Saturday, 7 August 2010

Latar Belakang Pemikiran Hukum Muhammad Shahrur.

:

Teori dalam dunia ilmu menempati kedudukan yang penting sebagai sarana untuk merangkum serta memahami masalah-masalah yang dibicarakan secara lebih baik. Hal-hal yang semula tampak tersebar dan berdiri sendiri bisa disatukan dan ditunjukkan kaitannya satu sama lain secara bermakna. Dengan cara mengorganisasikan dan mensistematisasikan masalah yang dibicarakan, teori akan memberikan
penjelasan yang lebih komprehensif.[1]

Penalaran teoritis yang demikian itu tidak hanya membawa manusia kepada penjelasan yang konkrit atau sampai kepada hal-hal yang konkrit dan terurai secara terperinci, melainkan berlawanan dengan hal itu, juga untuk "naik" sampai kepada penjelasan-penjelasan yang bersifat filosofis. Dalam hal ini teori hukum juga termasuk ke dalam penalaran yang demikian. Ia hendak mengejar terus sampai kepada persoalan-persoalan yang bersifat hakiki dari hukum, seperti dikatakan oleh Radbruch, tugas teori hukum adalah "membuat jelas nilai-nilai yang diproduksi oleh postulat-postulat hukum sampai kepada landasan filosofisnya yang tertinggi.[2]

Teori hukum tidak bisa dilepaskan dari lingkungan zamannya. Ia sering dilihat sebagai suatu jawaban yang diberikan terhadap permasalahan hukum atau menggugat suatu pemikiran hukum yang dominan pada suatu saat.[3] Oleh karena itu, sekalipun teori hukum berkeinginan untuk mengatakan satu pikiran secara universal, tetapi perlu dicatat, bahwa teori itu muncul dan berkembang sesuai latar belakang pemikiran yang dimilikinya. Sehubungan dengan keadaan yang demikian itu, sudah seharusnya teori-teori hukum tidak dilepaskan dari konteks waktu pemunculannya, seperti teori-teori yang lahir pada abad ke-sembilan belas atau abad ke-dua puluh. Maka, sebaliknya sebuah teori dipahami beserta pemikiran dan kondisi sosio-kultural yang melatarbelakanginya, karena teori-teori yang lahir pada abad ke-sembilan belas, misalnya, menggarap persoalan-persoalan yang pada saat itu dan yang bukan merupakan karakteristik persoalan untuk abad ke-dua puluh.

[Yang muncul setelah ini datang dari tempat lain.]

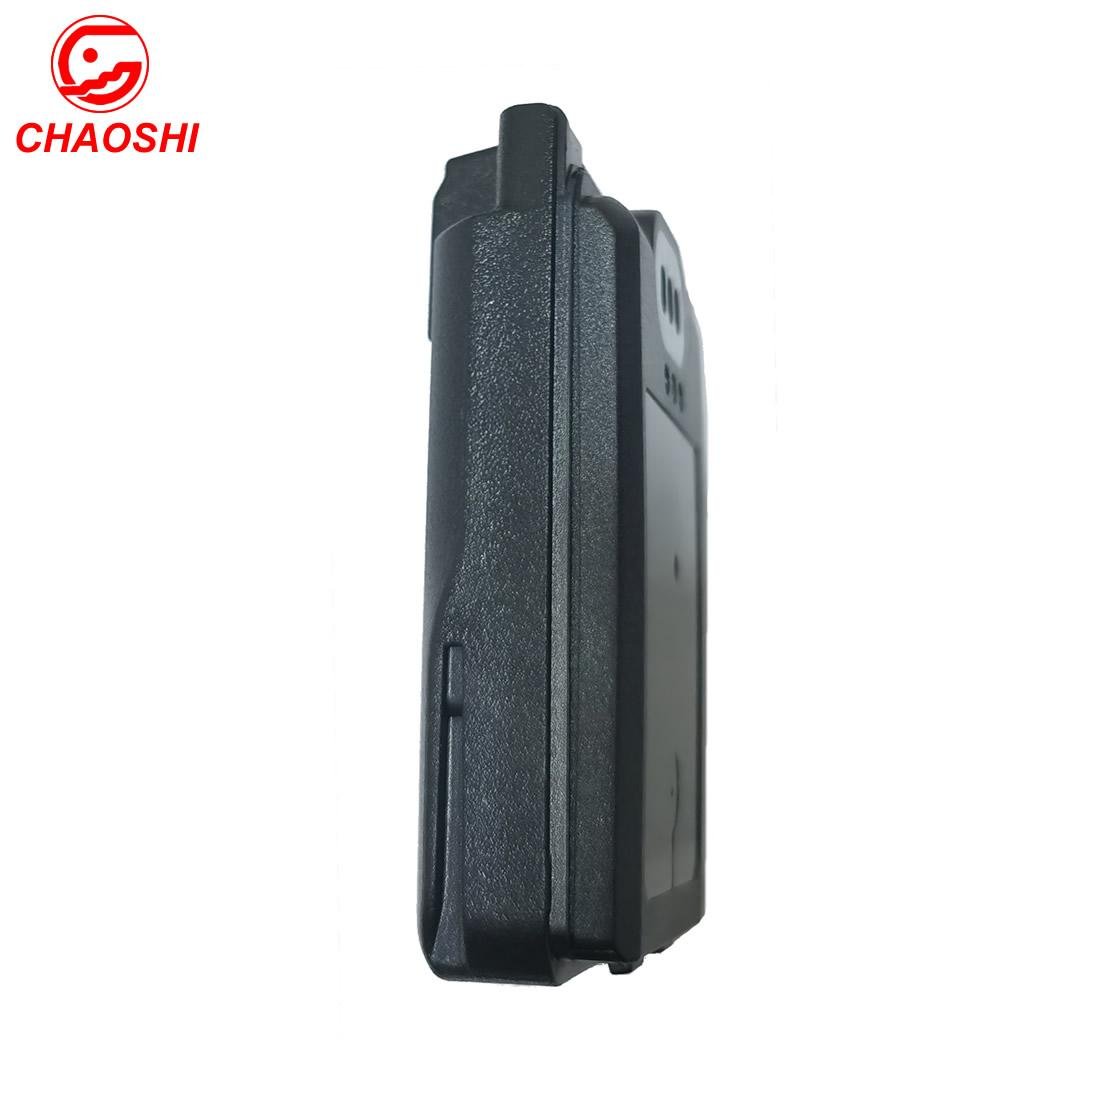 BP290 Battery For walkie talkie IC-F52D, IC-F62D, IC-M85 5

Persoalan inilah yang menjadi salah satu kegelisahan Muh}ammad Shah}ru>r ketika melihat stagnasi pemikiran dunia Islam. Shah}ru>r menegaskan perlunya para ahli hukum untuk selalu berusaha mengembangkan teori-teori hukum baru sesuai dengan latar belakang sosio-kultural dan pengetahuan ilmiah objektif pada masa kontemporer. Sejarah mencatat bahwa usaha-usaha pembaharuan hukum ini tidak selalu berjalan mulus dalam arti dapat diterima oleh masyarakat dan secara khusus para pemegang otoritas hukum yang terdiri dari para 'Ulama>' dan penguasa, meski perlu dipertanyakan apakah otoritas hukum itu harus ada dan harus dikuasai pihak tertentu?.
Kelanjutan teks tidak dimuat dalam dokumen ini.